We are all results of the XY or XX chromosome from our parents. Besides bringing us alive onto this world we are also innately blessed with their characteristics and personalities with unique behaviours of our own that makes us who we are - bringing about an identity to every individual living in this world. Nurtured with love and affection children are slowly taught on what’s wrong and what’s right, how to behave, talk, move with others and eat. Eating habits are generally learnt by observing others at the table. Every child’s first role model is his/her parents and he/she tries to imitate their acting styles and even choose foods based on their likes and dislikes. So, maybe all parents shoulder the huge responsibility of helping their kids learn table etiquettes, the types of foods they could choose, portion sizes fit for their age and the way they should eat the meal. Despite such upbringing, each of us ultimately land up with our own style of eating, choosing our preferred choice of foods and sticking to our desirable portion sizes. Hence, we have evolved into a community dominated by our choice and preferences beyond what’s needed or what’s right.

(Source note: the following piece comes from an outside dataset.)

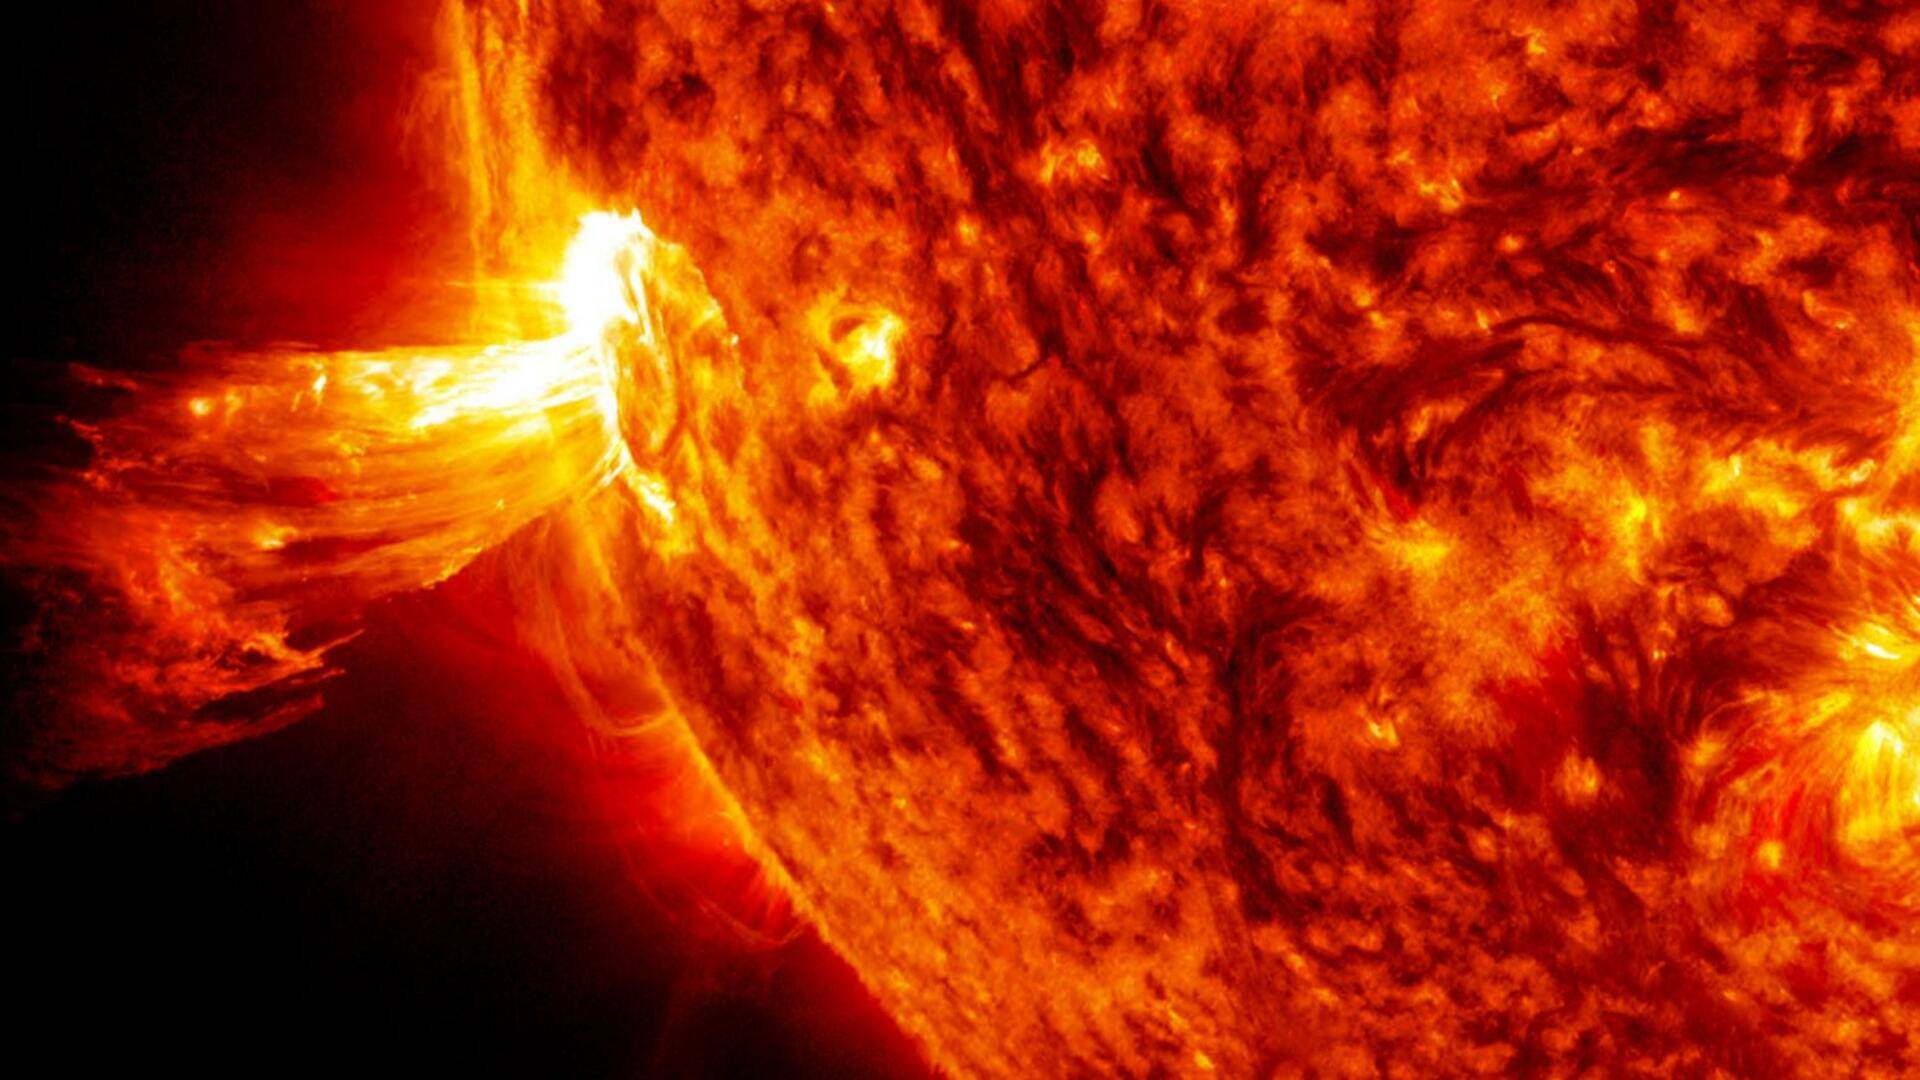 सूर्य पर देखे गए 9 नए सनस्पॉट, पृथ्वी पर कभी भी आ सकता है सौर तूफान 

Revisiting Basics of Eating
As kids, we all had a fine experience eating at the table with our family. There have also been occasions when we helped our mums set the table or serve simple dishes. For some, it started with a prayer while for others it was one of the best times of the day when there was so much laughter, fun and happiness around. But now, eating has become an undeniable chore that needs to be done as quickly as possible moving on to the next priority job in our busy schedule. In such a haste, we hardly chew the food mostly gulping it down which can cause ample harm to the body.
Eating Too Fast
Eating in a hurry might save time for you but it burdens you with side effects later in life which includes the brunt of:
Overeating & Obesity: The brain is not given sufficient time to realize fullness and you keep loading yourself with more calories than required. Such uncontrolled eating can put you at a higher risk of overweight/obesity. A large-scale study in Japan on people with type 2 diabetes showed that fast eaters were at the highest risk of obesity while slow eaters were at the lowest risk. That’s because, it takes between 15-20 minutes for the brain to realize satiety but a fast eater gobbles down more food in 20 minutes than a slow eater making them victims of overeating and fullness (https://health.clevelandclinic.org/are-you-a-fast-eater-slow-down-to-eat-and-weigh-less/) with the effects elaborated below:
Digestion: When you gobble down food there is no time for chewing it properly. There are even some who simply swallow it down with a glass of water to finish off with the eating chore as quickly as possible. All this can definitely end up in digestion problems.
Insulin resistance: High blood sugar and insulin levels can land you with insulin resistance.
Decreased Metabolic Syndrome: Finishing off your food in less than 10 minutes? This might make the boss happier as you get to spend more time at your desk working but this is also an indication that you are putting yourself at a dangerously high risk of obesity and metabolic syndrome, both of which increase the risk of heart disease, diabetes and stroke. An exclusive study on this found that fast eaters were 11.6% likelier to develop metabolic syndrome and yet another study showed that fast eaters were three times likelier to be overweight than those who ate meals more slowly.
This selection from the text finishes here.